Please use the comments to demonstrate your own ignorance, unfamiliarity with empirical data and lack of respect for scientific knowledge. Be sure to create straw men and argue against things I have neither said nor implied. If you could repeat previously discredited memes or steer the conversation into irrelevant, off topic discussions, it would be appreciated. Lastly, kindly forgo all civility in your discourse . . . you are, after all, anonymous.

36 Responses to “Cattle Prices Stampeding”

  1. A major input of beef production is feed the cattle eat. When feed goes up, then beef prices follow.

    Check out animal feed news on Bloomberg:

    The first headline is “Corn Advances to 30-Month High” – check out the graph for corn. Corn is used for feed for many animals. As to why corn has risen, well you have to look at the level of stocks and expected future production. Weather effects production yields, as does the amount of a grain planted (ie, if another grain goes up, farmers will plant more of that and less of something else). Also effecting corn is mandated ethanol production.

    As for weather….summer fires in Russia, huge floods in Pakistan, now Australia – all this has an effect on expected future supply and prices.

    The link you posted to the Street is a political statement and a plug for a book, rather than any kind of analysis of the underlying market fundamentals.

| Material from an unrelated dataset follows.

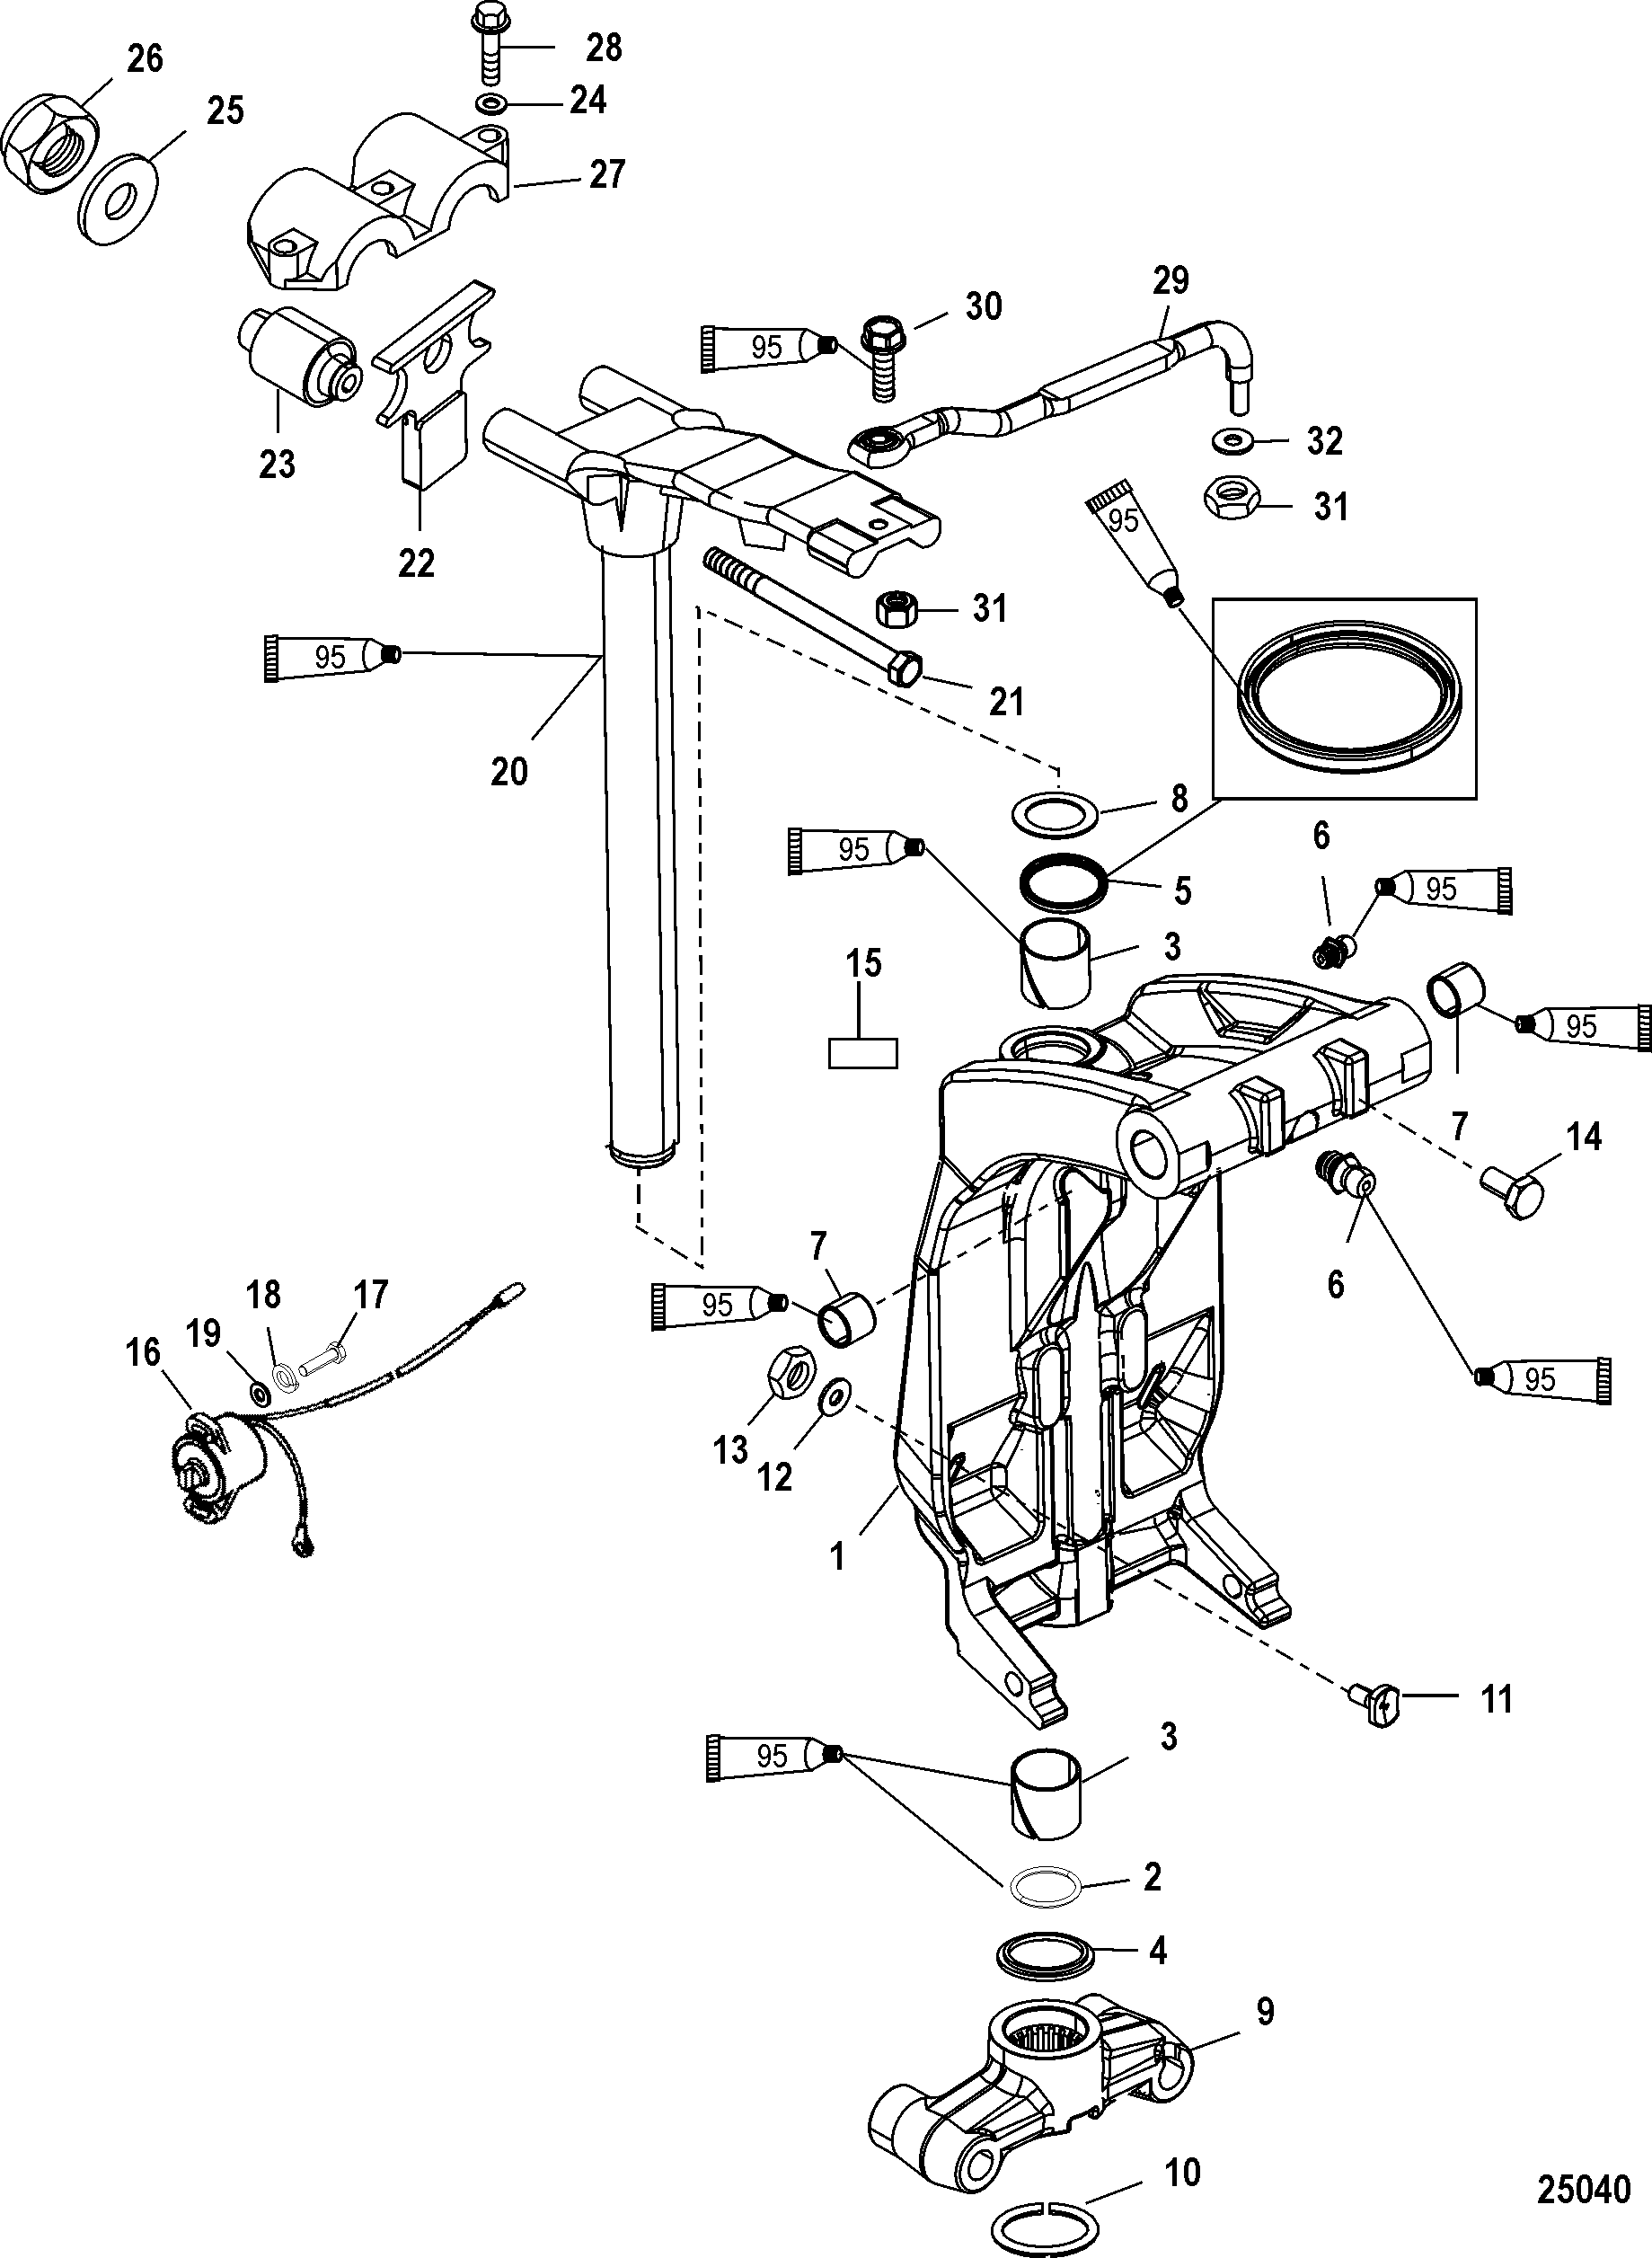 Swivel Bracket And Steering Arm For Mercury 250 Pro Xs 3 0l
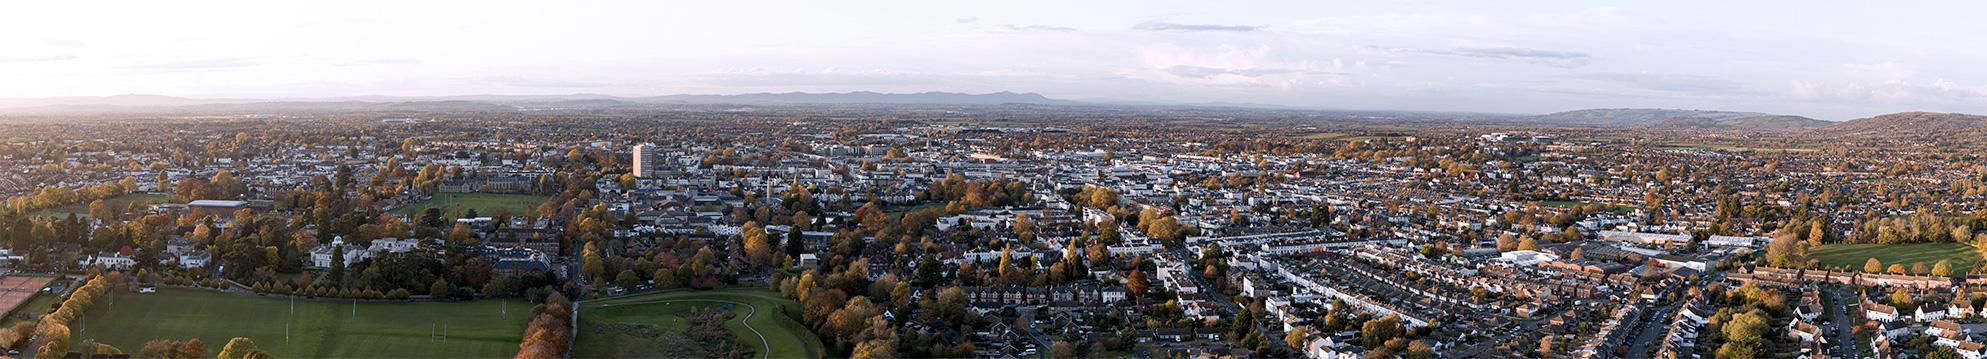 Cheltenham_drone_image

    Perhaps there is also some lingering bias in favor of hard commodities considering the U.S. government’s intent on producing dollars to buy copious amounts of Treasuries….but it is impossible to really prove that this is the case in any meaningful way – should the U.S. dollar decrease in any equity correction, this thought could merit further analysis.

  2. [...] Cattle futures have gone parabolic.  Farmer Brown is not surprised.  (TBP) [...]

  3. philipat says:

    With prices at most US Steak Houses as at present, it shouldn’t really make too much difference? Perhaps though, without any pricing power, except perhaps in Lower Manhattan/Long Island, it might represent more margin compression ahead?

  4. Veneziano says:

    Investors are literally Following The Herd….


  5. MayorQuimby says:

    ALL commods are going parabolic (okay, most).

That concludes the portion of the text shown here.